- 1 (18.25 ounce) box Betty Crocker® SuperMoist® white cake mix
- 3/4 cup water
- 1/3 cup vegetable oil
- 3 egg whites
- 1 (6 ounce) container Yoplait® Original 99% Fat Free strawberry yogurt
- 1 (12 ounce) container Betty Crocker® Whipped vanilla frosting
- 4 cups strawberries
- Heat oven to 350 degrees F (325 degrees F for dark or nonstick pans). Generously grease and lightly flour bottoms and sides of two 8-inch or 9-inch round pans, or spray with baking spray with flour.
- In large bowl, beat cake mix, water, oil, egg whites and yogurt with electric mixer on low speed 30 seconds; beat on medium speed 2 minutes (batter will be lumpy). Pour into pans.
- Bake 8-inch rounds 27 to 32 minutes, 9-inch rounds 25 to 30 minutes, or until toothpick inserted in center comes out clean. Cool 10 minutes. Run knife around sides of pans to loosen cakes; remove from pans to cooling rack. Cool completely, about 1 hour.

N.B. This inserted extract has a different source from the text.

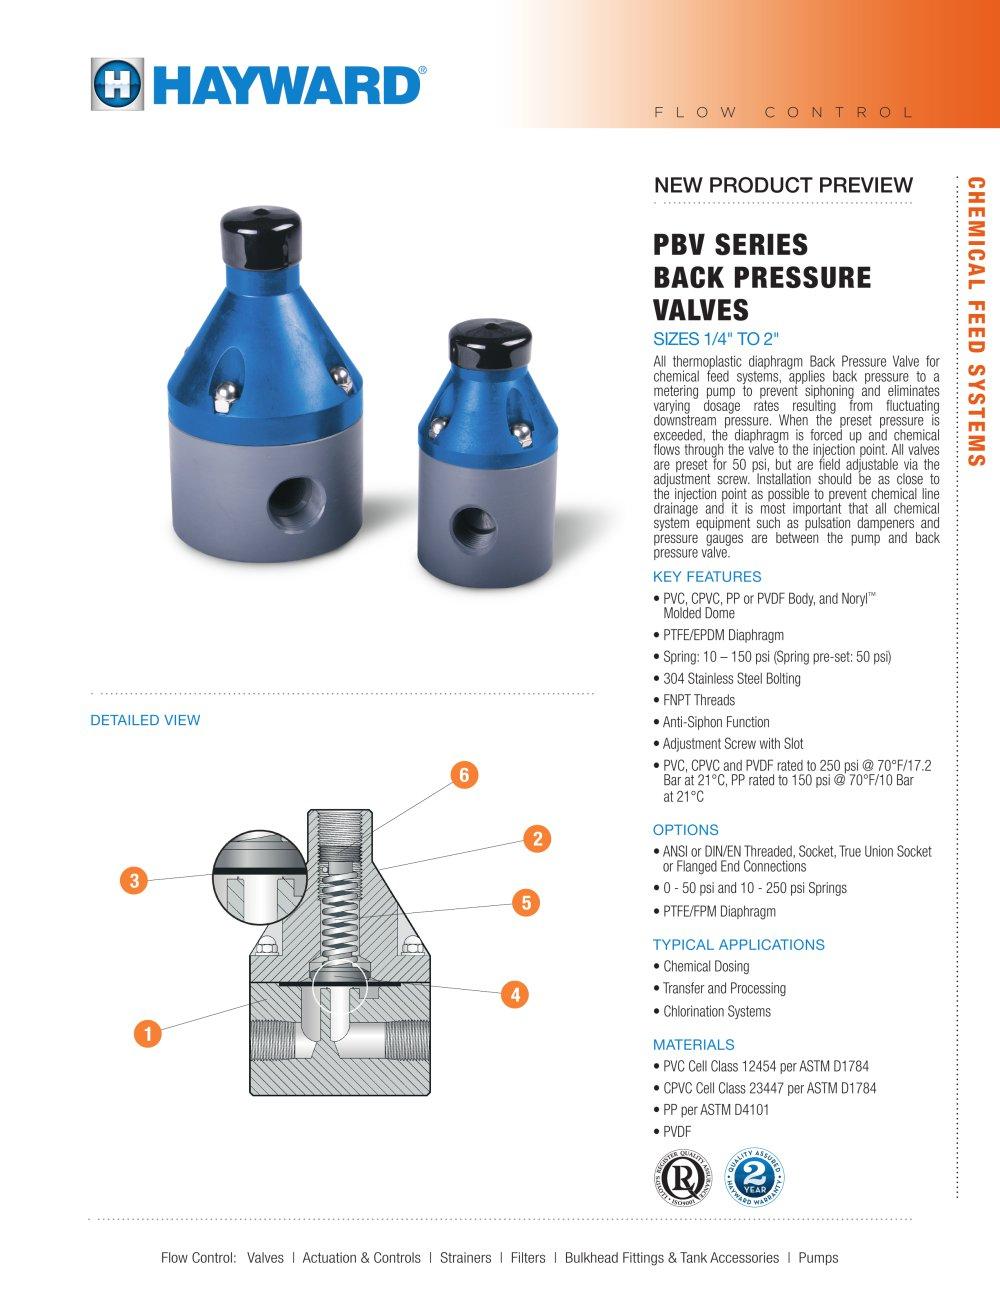 Npppbv0915 pbv series back pressure valves hayward industries npppbv0915 pbv series back pressure valves 1 2 pages ccuart Choice Image

- Spread 1/3 cup frosting over 1 cake layer to within 1/4 inch of edge. Cut about 10 strawberries into 1/4-inch slices; arrange on frosted layer. Top with second layer. Frost side and top of cake with remaining frosting. Cut remaining strawberries in half; arrange on top of cake. Store loosely covered in refrigerator.